Review: Stephen K Amos’ ‘Welcome To My World’ at the Gulbenkian

It was a personal turned political affair for Stephen K Amos’ audience on Saturday evening.

Stephen K Amos can’t exactly remember how many times he’s been to Canterbury, but he is more than determined to get reacquainted. Limping on to the Gulbenkian’s stage with a bad foot, you already want to buy the guy a drink – and it is exactly this personable quality to his comedy that makes tonight’s show a pleasure. In classic comedian manner, he scours the front row for victims, conjuring up nicknames for three or four audience members and returning to them for quick jabs during his set. Seen it all before, right? 433px-StephenkamosBut Amos does something different; you get the feeling he really does want to get to know his audience. A show of hands identifies the age range of the crowd, and Amos makes friends with a fifteen year-old boy whose rapport with the comedian becomes a source of laughs throughout the show (particularly when the youngster discloses that he calls marijuana ‘the devil’s lettuce’). At one point he takes the phone of a front-seat audience member and reads out his text messages. Amos feeds off his audience, using their responses to formulate jokes, and establishes a friendship with his crowd that makes it feel like we are all sitting around having a laugh in the pub. His various anecdotes, from his experiences touring Australia, to his ordeal of being caught short whilst stuck in 5-hour traffic, emulate this atmosphere perfectly.

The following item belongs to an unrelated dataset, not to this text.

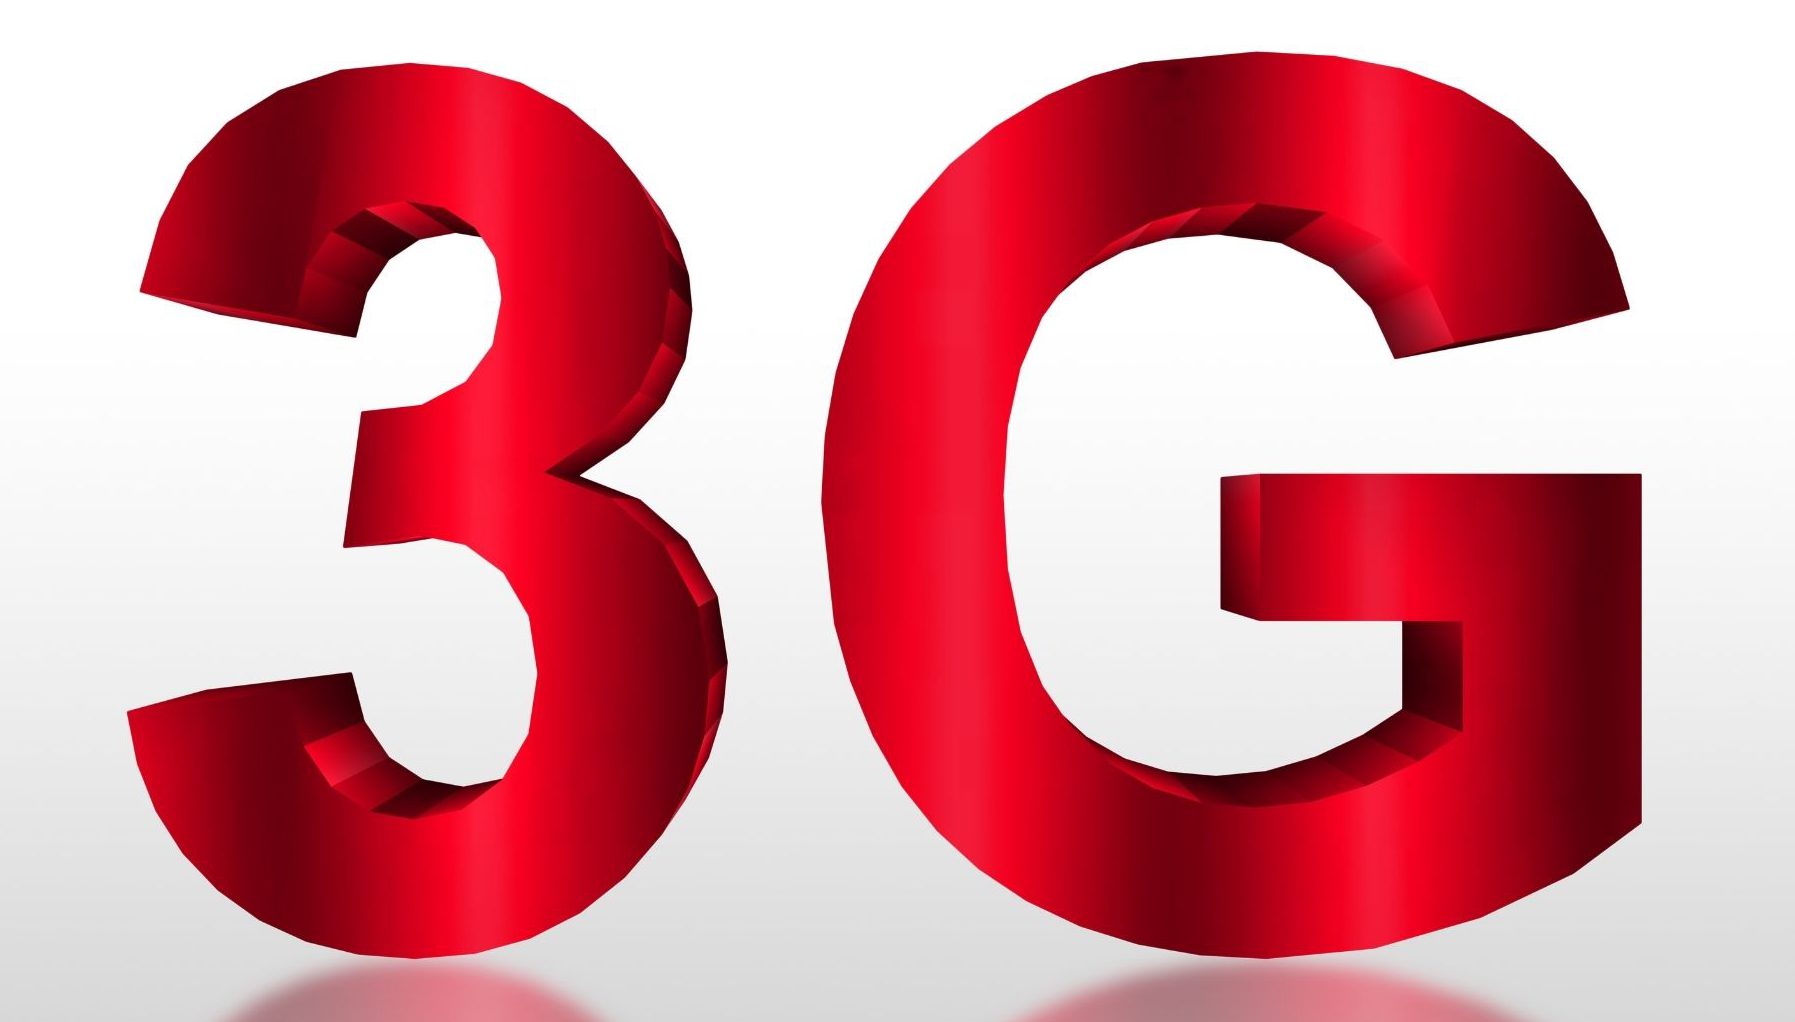 Global 3G Infrastructure Equipment Market

Returning for the second half with a fresh round of drinks, Amos subtly allows his set to take a political turn, addressing the audience with pin-drop questions like ‘Honestly, though, do you think it’s possible to live in a post-racial multicultural society?’ From a lesser comedian, making a transition like this might be jarring, spoiling the light-hearted mood that has so nicely manifested in the first half. However, Amos confronts issues of race and homosexuality with ease and good humour, flanking each subversive question with the same anecdotes and audience interaction that has characterised the show so far. The evening closes with a meet and greet in the foyer.

Hats off to Amos – few comedians can keep an audience on their side when they go from shitting in a car to tackling institutionalised racism and homophobia.